▶ [Activity]:
Your answer must be the exact lines of the listing below that run from the line with "Epix TV Channel" to the line with "DELL logo HD", ends included, and no pictures.
Top of Data for processing
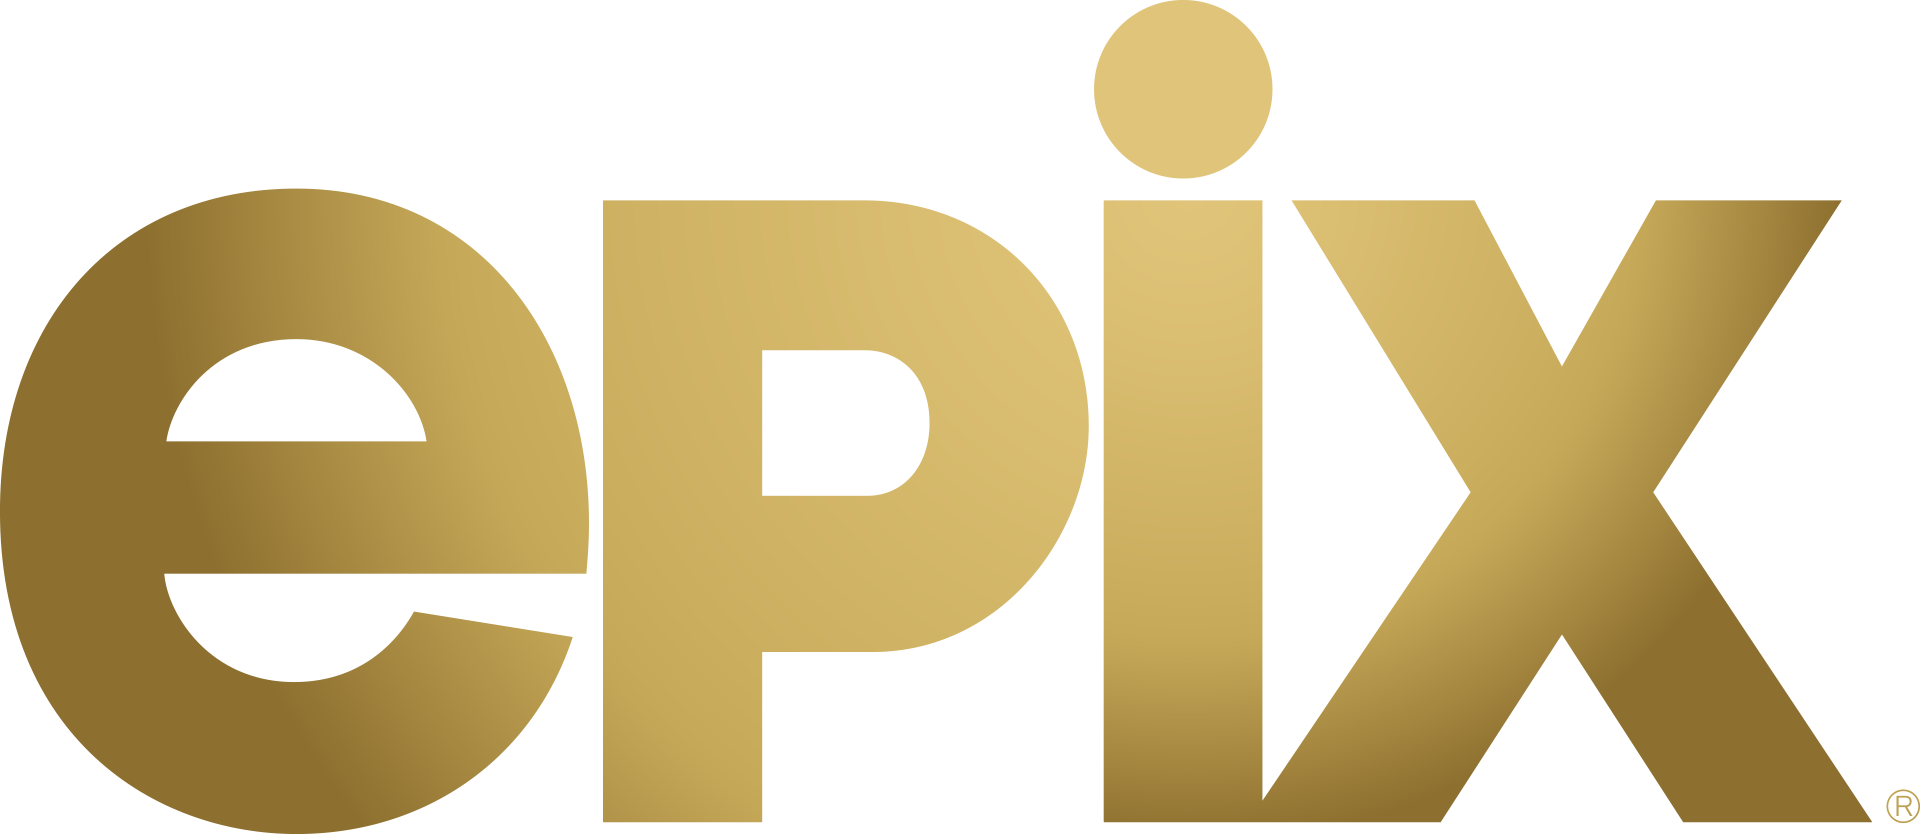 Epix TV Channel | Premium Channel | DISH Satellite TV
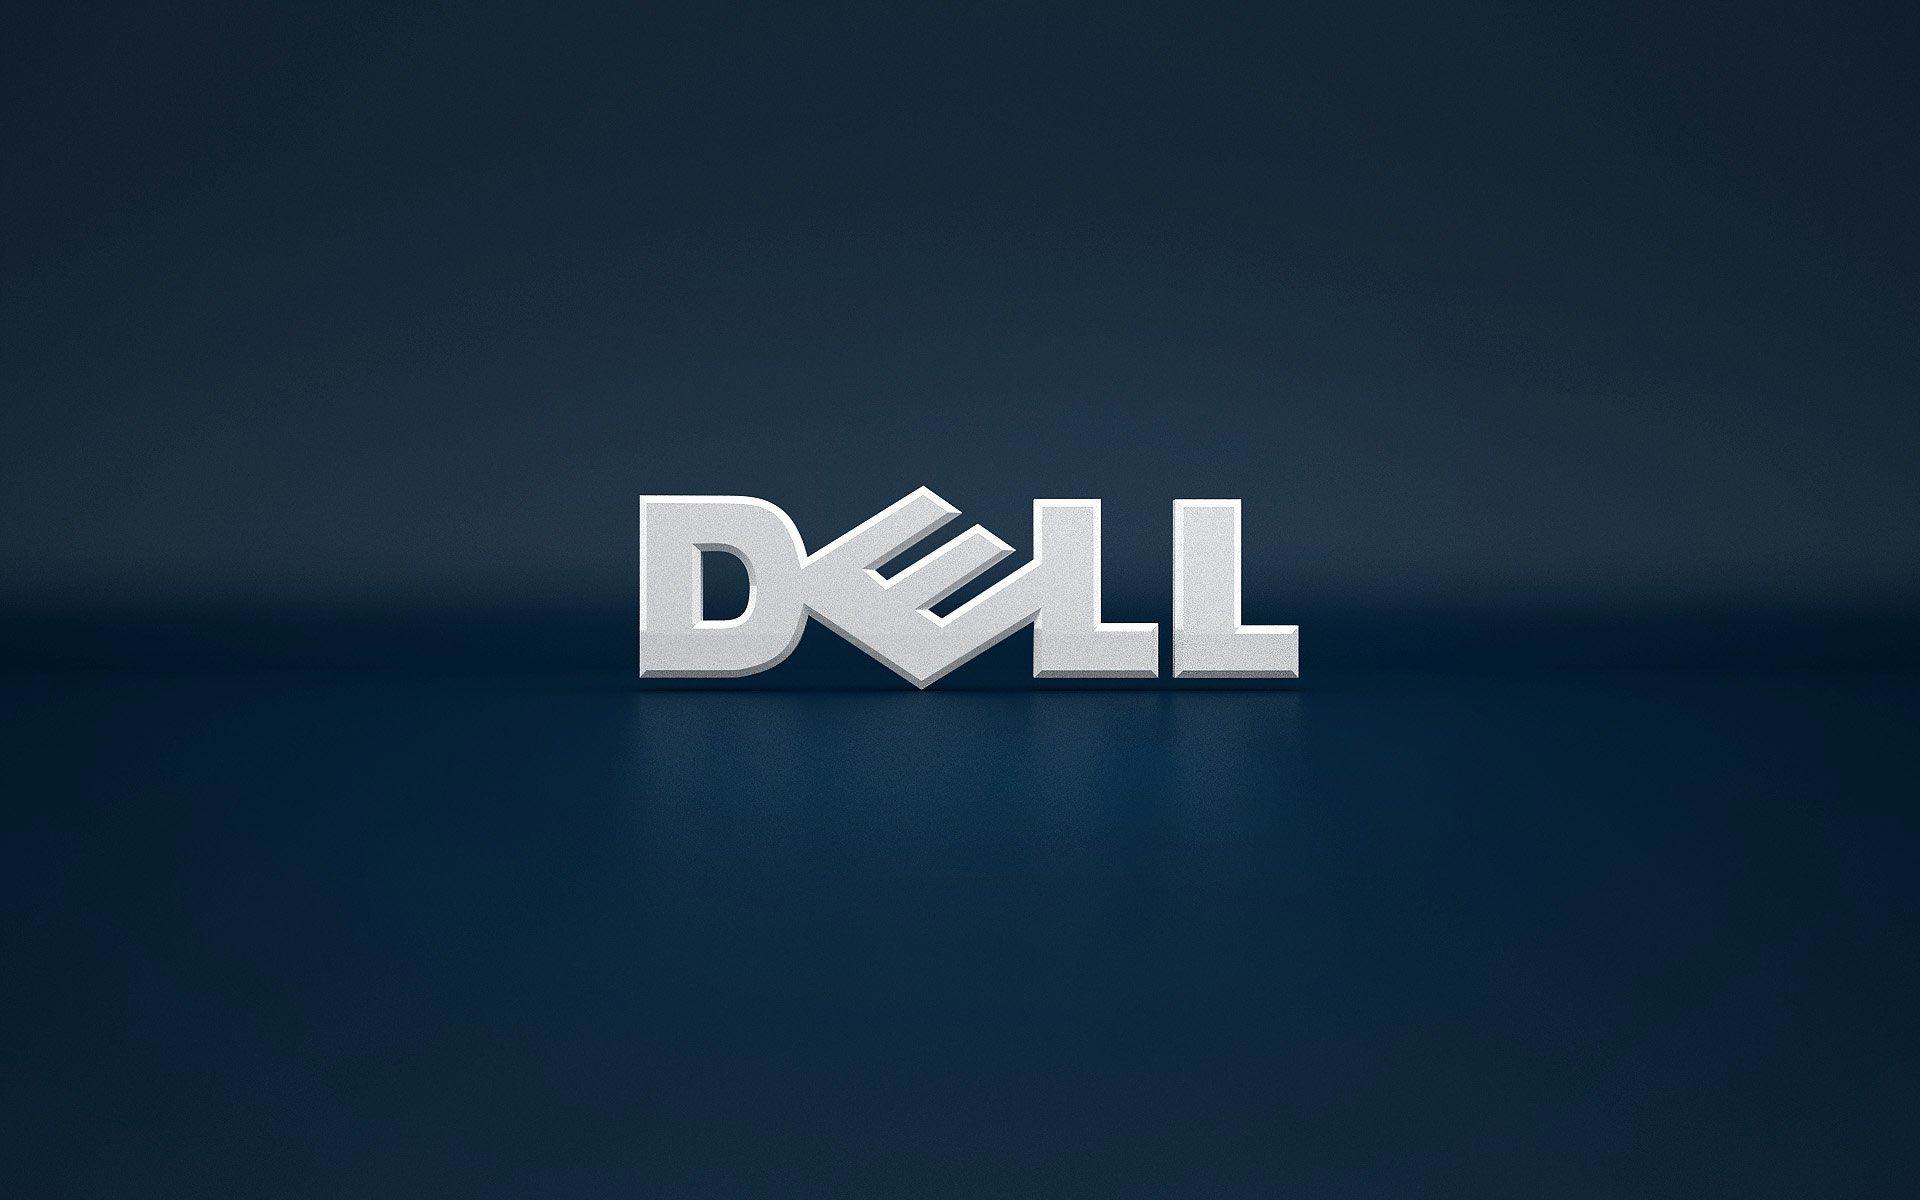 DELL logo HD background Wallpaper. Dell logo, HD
Bottom of Data for processing
Top of Data for processing
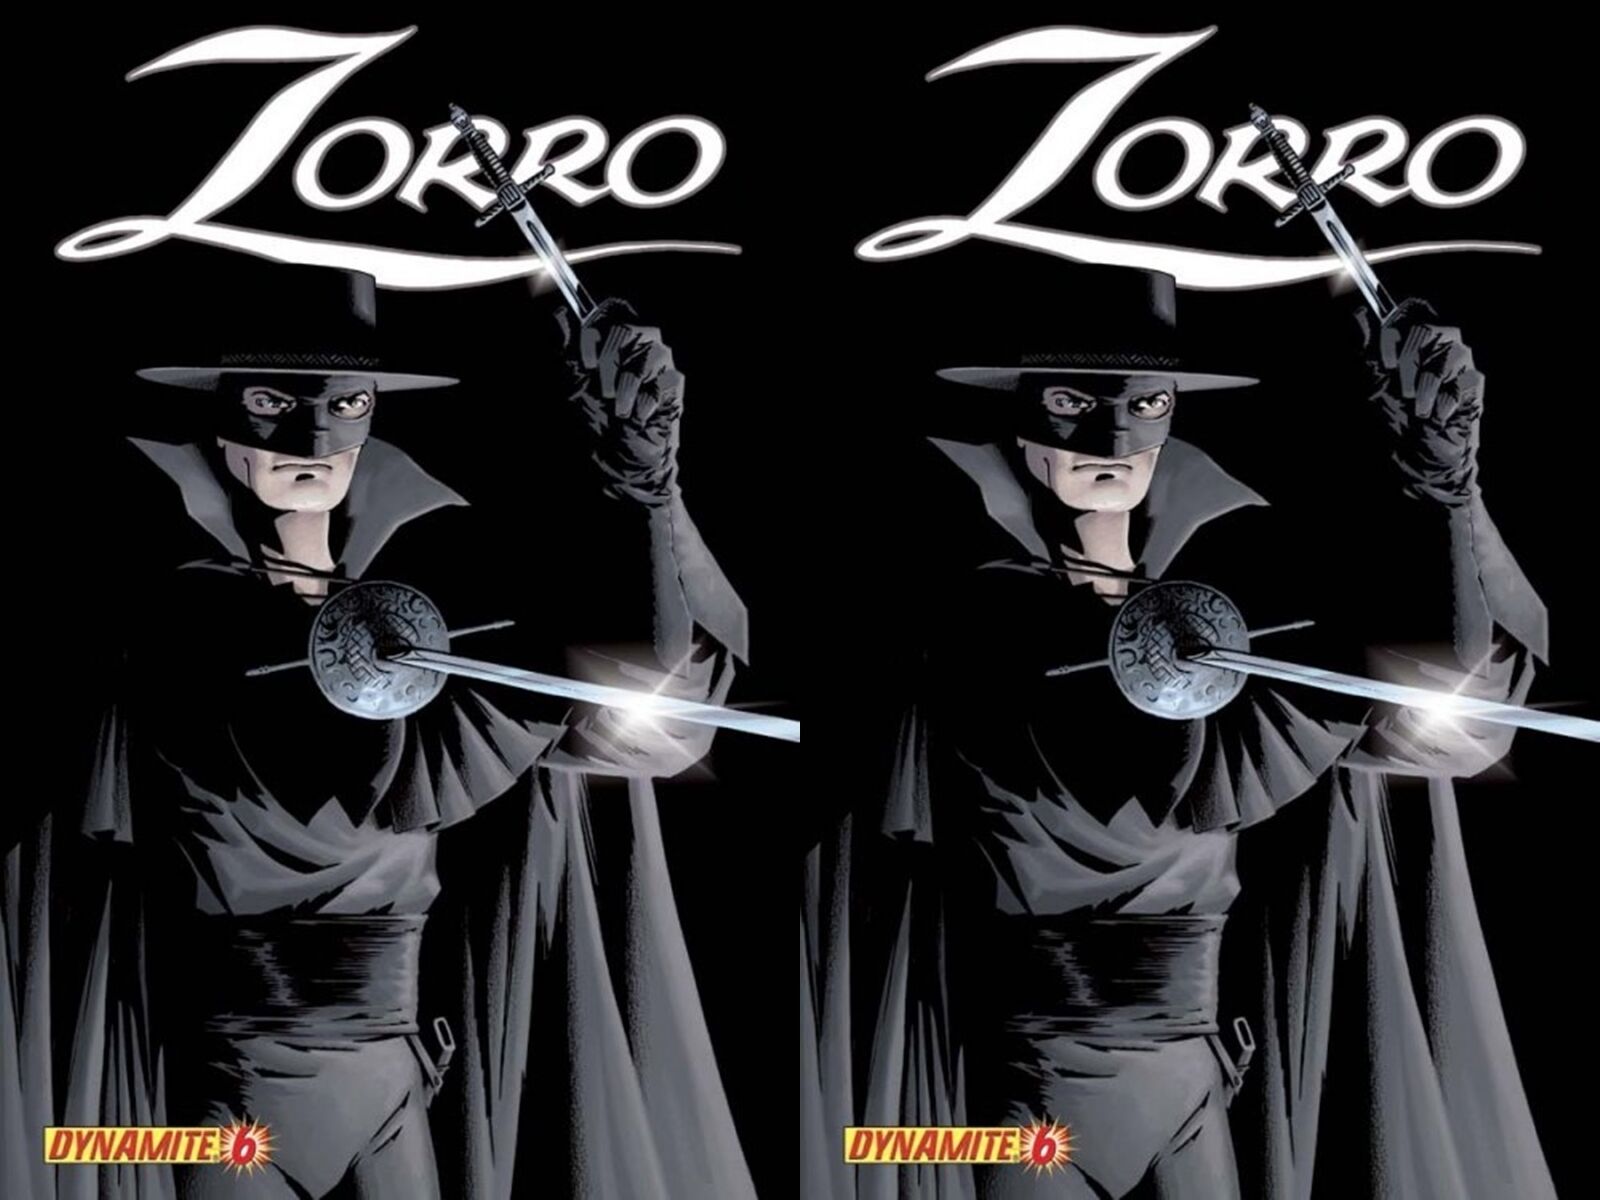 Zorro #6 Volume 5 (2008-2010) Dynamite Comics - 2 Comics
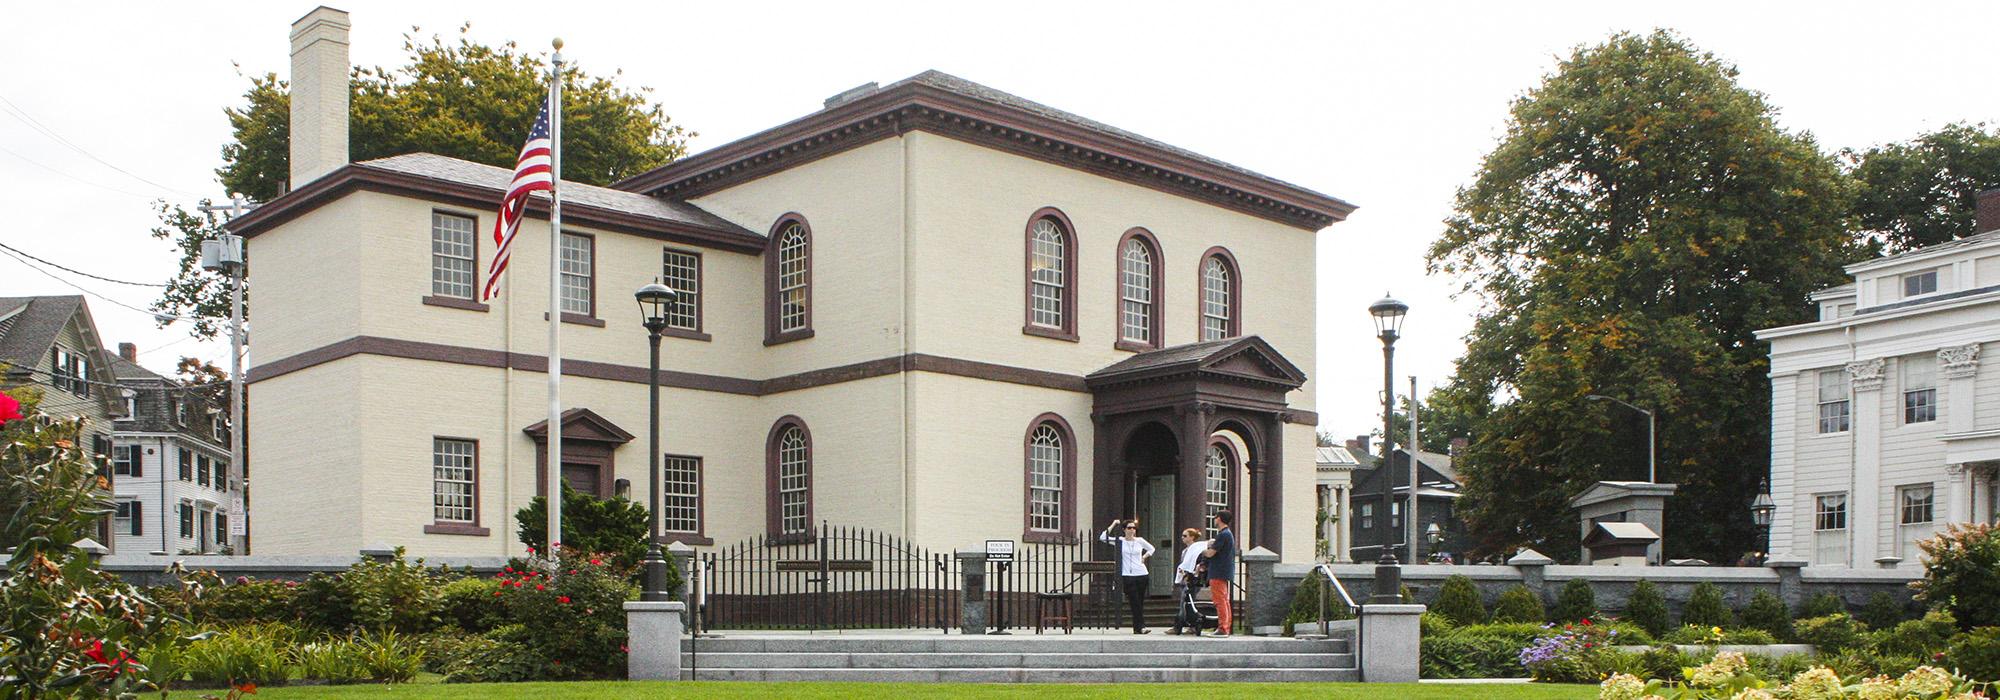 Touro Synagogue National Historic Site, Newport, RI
Bottom of Data for processing
▶ [Response area]:
 Epix TV Channel | Premium Channel | DISH Satellite TV
 DELL logo HD background Wallpaper. Dell logo, HD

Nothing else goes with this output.